INVESTIGADORES
IZETA Andres Dario
capítulos de libros
Título:
Habitar, circular, hacer. El punto de vista de La Quebrada.
Autor/es:
SCATTOLIN, MARIA CRISTINA; BUGLIANI, M. FABIANA; PEREYRA DOMINGORENA, LUCAS; CORTES, L. I.; LAZZARI, MARISA; IZETA, ANDRES DARIO; CALO, C. MARILIN
Libro:
Crónicas materiales precolombinas. Arqueología de los primeros poblados del Noroeste Argentino
Editorial:
SAA
Referencias:
Año: 2015; p. 427 - 464
Resumen:
We present our team research work on village societies of the southern Calchaquí valleys area. We examine regional archaeology over the long term combining several lines of evidence: habitats, ways of doing, practices of circulation, and networks of interaction. This chapter is centered in the area of La Quebrada with the purpose of exploring how localities were built as ´places from where the world is looked at´; that is, as material configurations strongly localized yet open and flexible that participated in wider material, social and symbolic entanglements. La Quebrada is situated in the occidental slope of the Cajón Valley, encompassing the sites of Cardonal and Bordo Marcial. The village of Yutopián is located a few kilometers to the north. All three sites are very informative of Formative Period life ways, everyday practices, and of people?s own perspective of inhabiting and perceiving in past Andean worlds.

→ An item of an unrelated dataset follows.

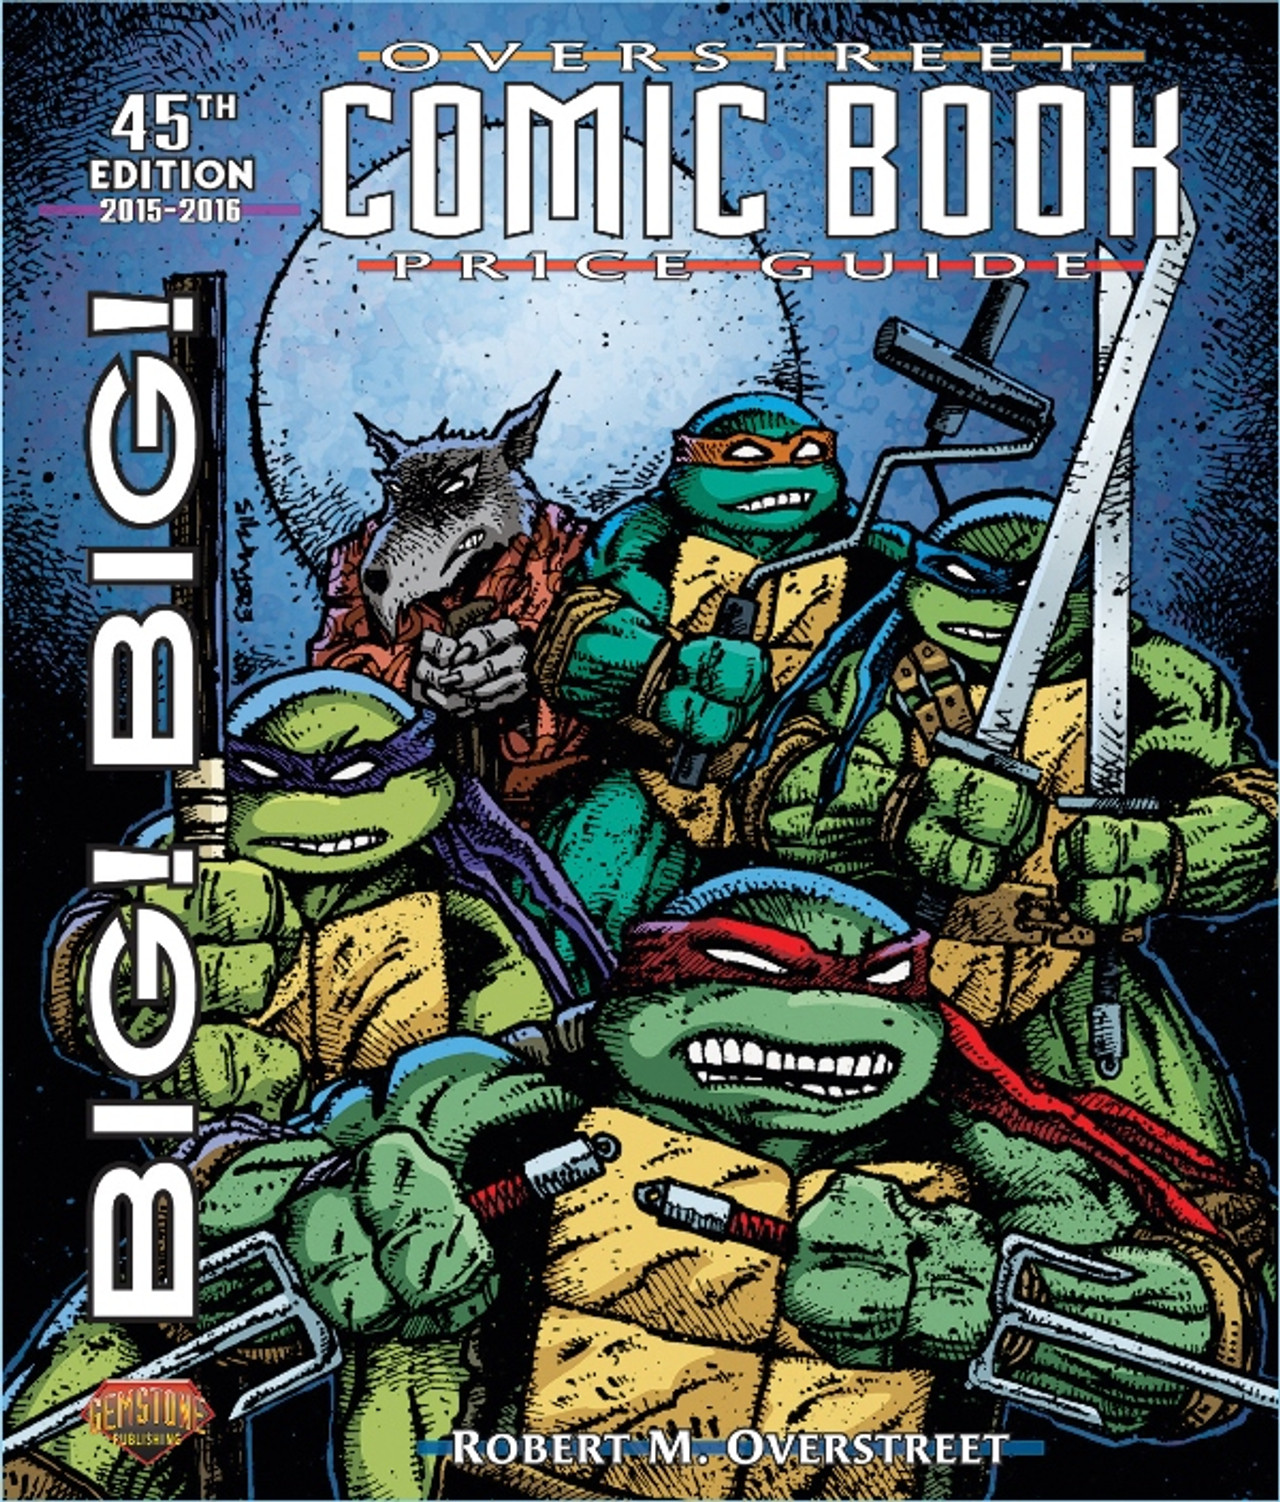 The Big Book of Ninja Turtles (Teenage Mutant Ninja Turtles) (Big

This work will discuss evidences gathered in these specific places within a wider frame of other contemporary archaeological occupations of the area, such as those from the western flanks of the Aconquija Sierra and the Santa María Valley. This research is based upon diverse methods, such as the technological study of artefacts, zooarchaeology, archaeobotany, physical and chemical analysis (AANI, stable isotopes, DRX, EDAX), chronometric and spatial analysis. The main objective is to understand the changes in the mechanisms of interaction, production, consumption and representation through time, in order to comprehend the specific dynamic by which societies of this period constituted their everyday local worlds in entangled ways.